Submitted to: Molecular Plant-Microbe Interactions
Publication Type: Peer Reviewed Journal
Publication Acceptance Date: 4/7/2014
Publication Date: 8/1/2014
Citation: Brown, D.W., Busman, M., Proctor, R. 2014. Fusarium verticillioides SGE1 is required for full virulence and regulates expression of protein effector and secondary metabolite biosynthetic genes. Molecular Plant-Microbe Interactions. 27(8):809-823.

Interpretive Summary: This research identified a gene in the fungus Fusarium that controls both toxin production and the ability of the fungus to cause disease. Fusarium is of concern to agriculture and food and feed safety, because it is a worldwide cause of the crop disease corn ear rot, and it can contaminate corn kernels, as well as food/feed derived from them, with the cancer-causing toxins fumonisins. Fungi often have master regulatory genes that control multiple biological processes, including the ability to cause diseases in animals or plants or to produce toxins. In this research, we identified a regulatory gene in Fusarium and demonstrated that the gene controls the ability to cause disease of corn and produce fumonisins. The results also indicate that this gene controls whether hundreds of other Fusarium genes are active or inactive. Based on DNA sequence analysis, the predicted functions of these other genes vary from enabling the fungus to sense changes in its environment to inducing physiological changes in plants. This research provides a foundation for understanding the biological processes that are required for Fusarium to cause crop diseases and produce toxins. This information will be of use to plant pathologists, plant breeders, and other scientists working to develop strategies that reduce diseases and toxin contamination of crops.
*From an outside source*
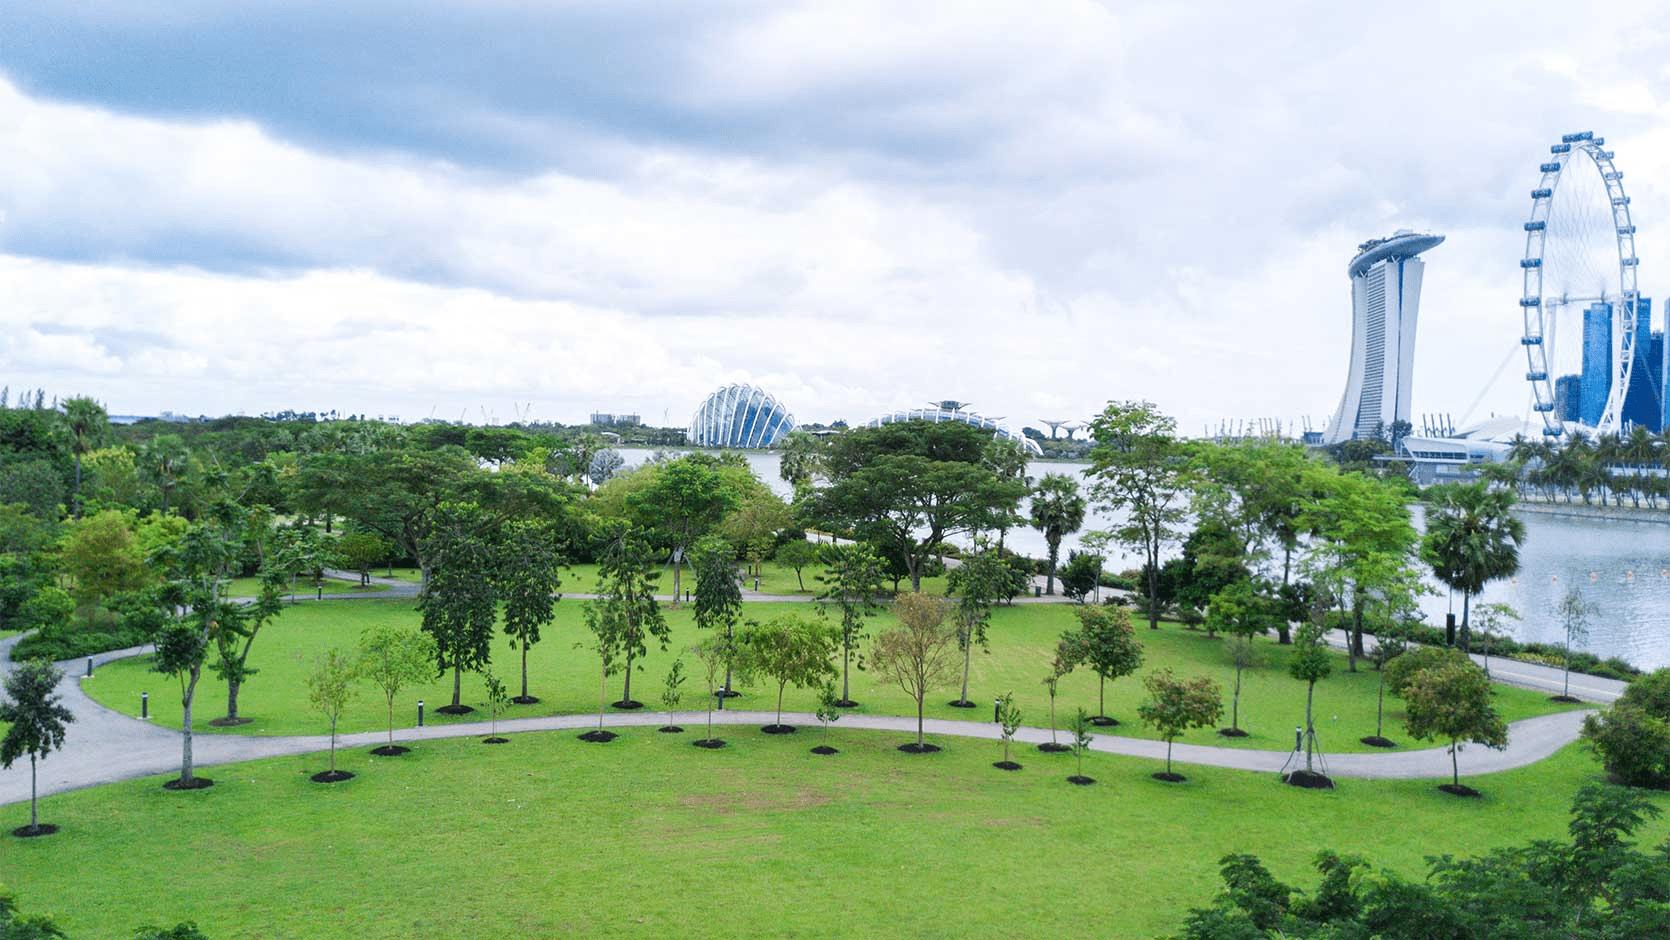 Bay East Garden - Open Spaces

Technical Abstract: The transition from one lifestyle to another in some fungi is initiated by a single orthologous gene, SGE1 in Fusarium oxysporum, that regulates markedly different gene sets in different fungi. Despite these differences, many of the regulated genes affect pathogenicity as they encode effector proteins or proteins involved in the synthesis of secondary metabolites (SMs). Fusarium verticillioides is both an endophyte and a pathogen of maize and can grow as a saprophyte on dead plant material in the soil. During growth on live maize plants, it can synthesize a number of toxic SMs including fumonisins, fusarins, and fusaric acid, which can contaminate kernels and food and feed derived from them. In this study, the role of F. verticillioides SGE1 in pathogenicity was examined by gene deletion analysis and transcriptomics. FvSGE1 is not required for vegetative growth or conidiation but is required for wild-type pathogenicity and affects the synthesis of multiple SMs including fumonisins and fusarins. Induced expression of FvSGE1 altered expression of hundreds of genes, including numerous putative effector genes that could contribute to growth in planta, genes encoding cell surface proteins, gene clusters involved in synthesis of fusarins, bikaverin and an unknown metabolite, as well as the gene (FvFUM21) encoding the fumonisin pathway specific transcriptional regulator. Despite a global regulatory role for FvSGE1, the ability of sge1 mutants to cause some seedling disease and synthesize significant amounts of fumonisins attest to the importance of other factors regulating these processes and their elucidation.